Esta aristocracia não é mais justa, mais lógica, mais racional que a da força bruta, a do nascimento, a do ouro? Por que, então, não ser possível ajuntar-lhe a moralidade? Porque, dizem os pessimistas, o mal domina na Terra. Já foi dito que o bem não o apagará jamais? Os costumes e as instituições não valem hoje cem vezes mais que na Idade Média? Cada século não se tem assinalado por um progresso? Por que pois há de a humanidade estacionar, quando tanto lhe falta conquistar?

Os homens, por instinto natural, procuram o seu bem-estar; se o não encontrarem satisfatório no reino da inteligência, procurá-lo-ão algures. E onde poderão encontrá-lo a não ser no reino da moralidade? Para isto é preciso que a moralidade domine a maior parte.

Muito há que fazer, certamente, mas, ainda uma vez, é néscia presunção dizer que a humanidade chegou ao apogeu, quando a vemos caminhar incessantemente nas vias do progresso. Digamos desde já que os bons na Terra não são tão raros como pensam. Os maus são numerosos, é verdade; mas o que parece avultar-lhes o número é a audácia, que julgam necessária ao êxito. Não desconhecem, porém, a preponderância do bem, tanto que, embora não o pratiquem, tomam-lhe a máscara. Os bons, pelo contrário, não fazem praça das suas qualidades, não procuram pôr-se em evidência e é por isso que o seu número parece ser diminuto. Sondai, porém, os arcanos da vida íntima, e encontrareis, em todas as classes sociais, muitas naturezas boas e leais, que vos não permitirão desesperar da humanidade.
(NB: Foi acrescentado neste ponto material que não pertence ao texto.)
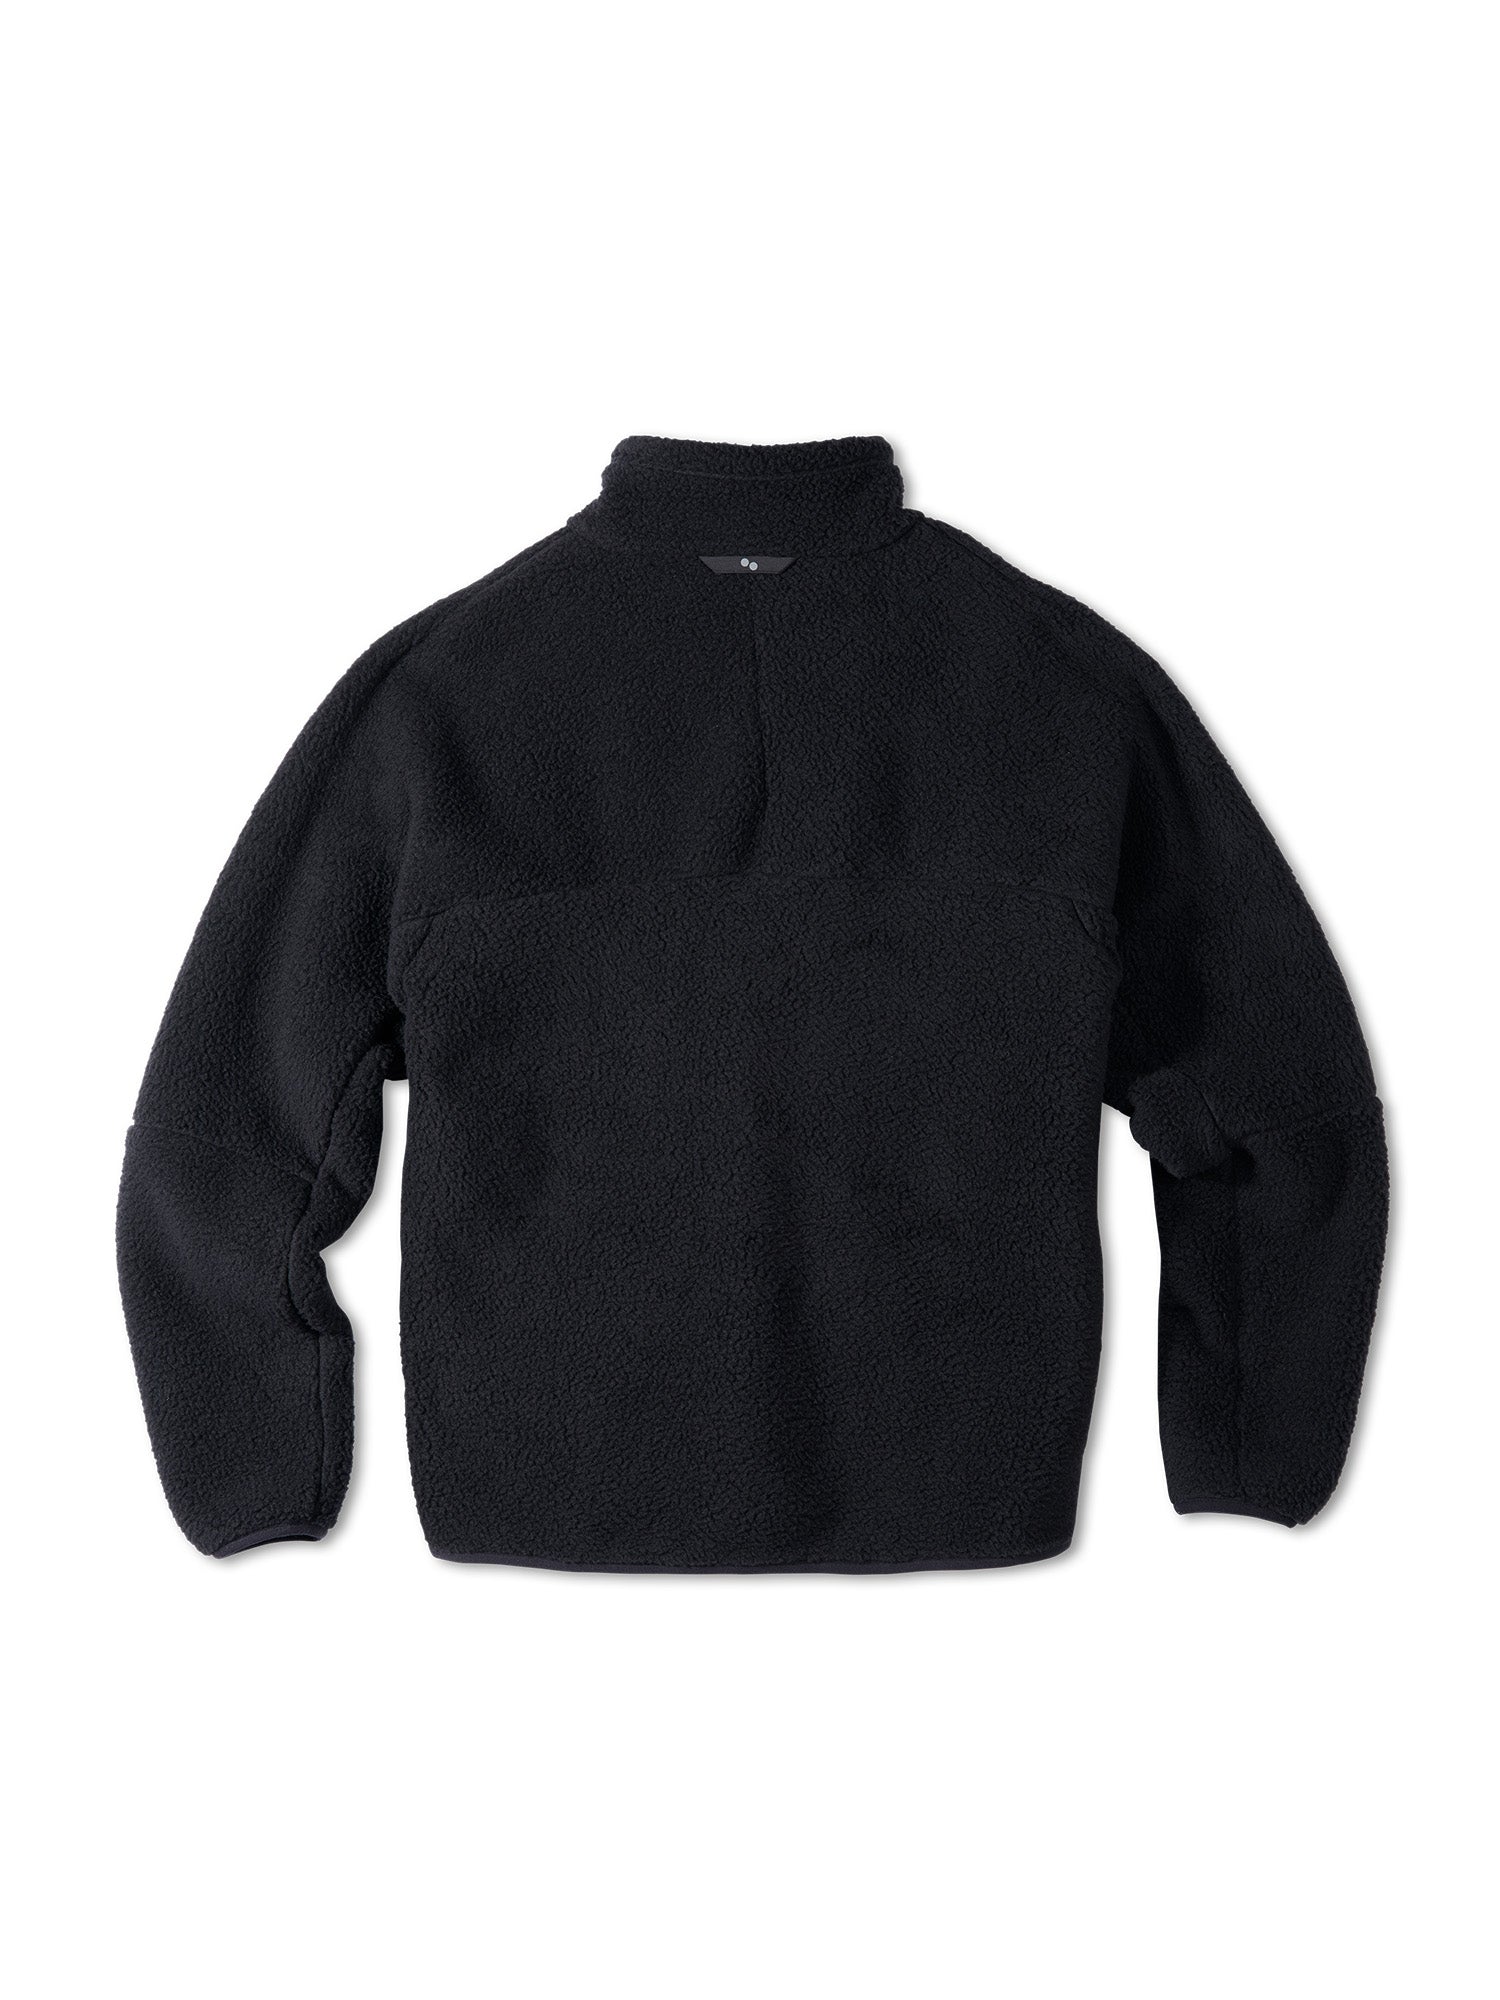 Fleece Jacket - Peat Black (Male)
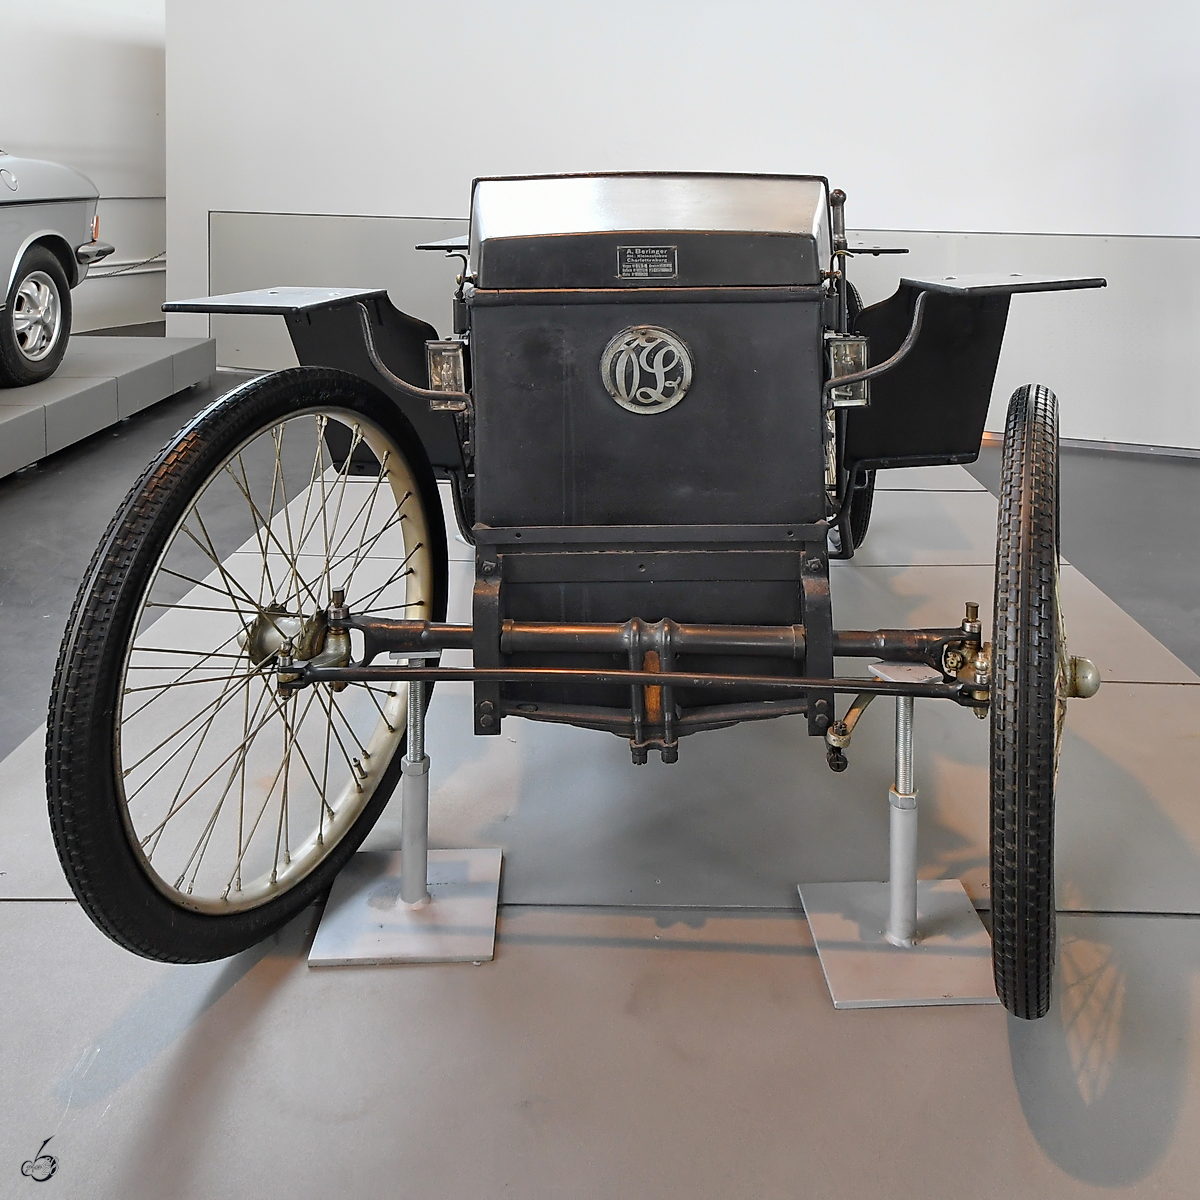 Dieser Slaby-Beringer Elektrowagen von 1920 war Mitte August 2020 im Verkehrszentrum des Deutschen Museums in München zu sehen.

Importa também saber que dos maus, muitos só o são por influência do meio, podendo tornar-se bons se forem submetidos à ação de um meio benéfico. Admitamos que, sobre 100 indivíduos, há 25 bons e 75 maus; destes, 50 o são por fraqueza e seriam bons se tivessem tido bons exemplos, principalmente se houvessem recebido boa educação; dos 25 francamente maus, nem todos são incorrigíveis. No estado atual das coisas, os maus estão em maioria e dão leis aos bons; mas, se por qualquer circunstância, se converterem os 50 fracos, os bons ficarão em maioria e, por sua vez, darão as leis; dos 25 francamente maus, muitos sentirão a influência daquela maioria, não restando senão poucos incorrigíveis, que nenhuma preponderância podem ter.

Tomemos um exemplo. Há povos para quem o homicídio e o roubo são coisas normais. Para estes, o bem é exceção.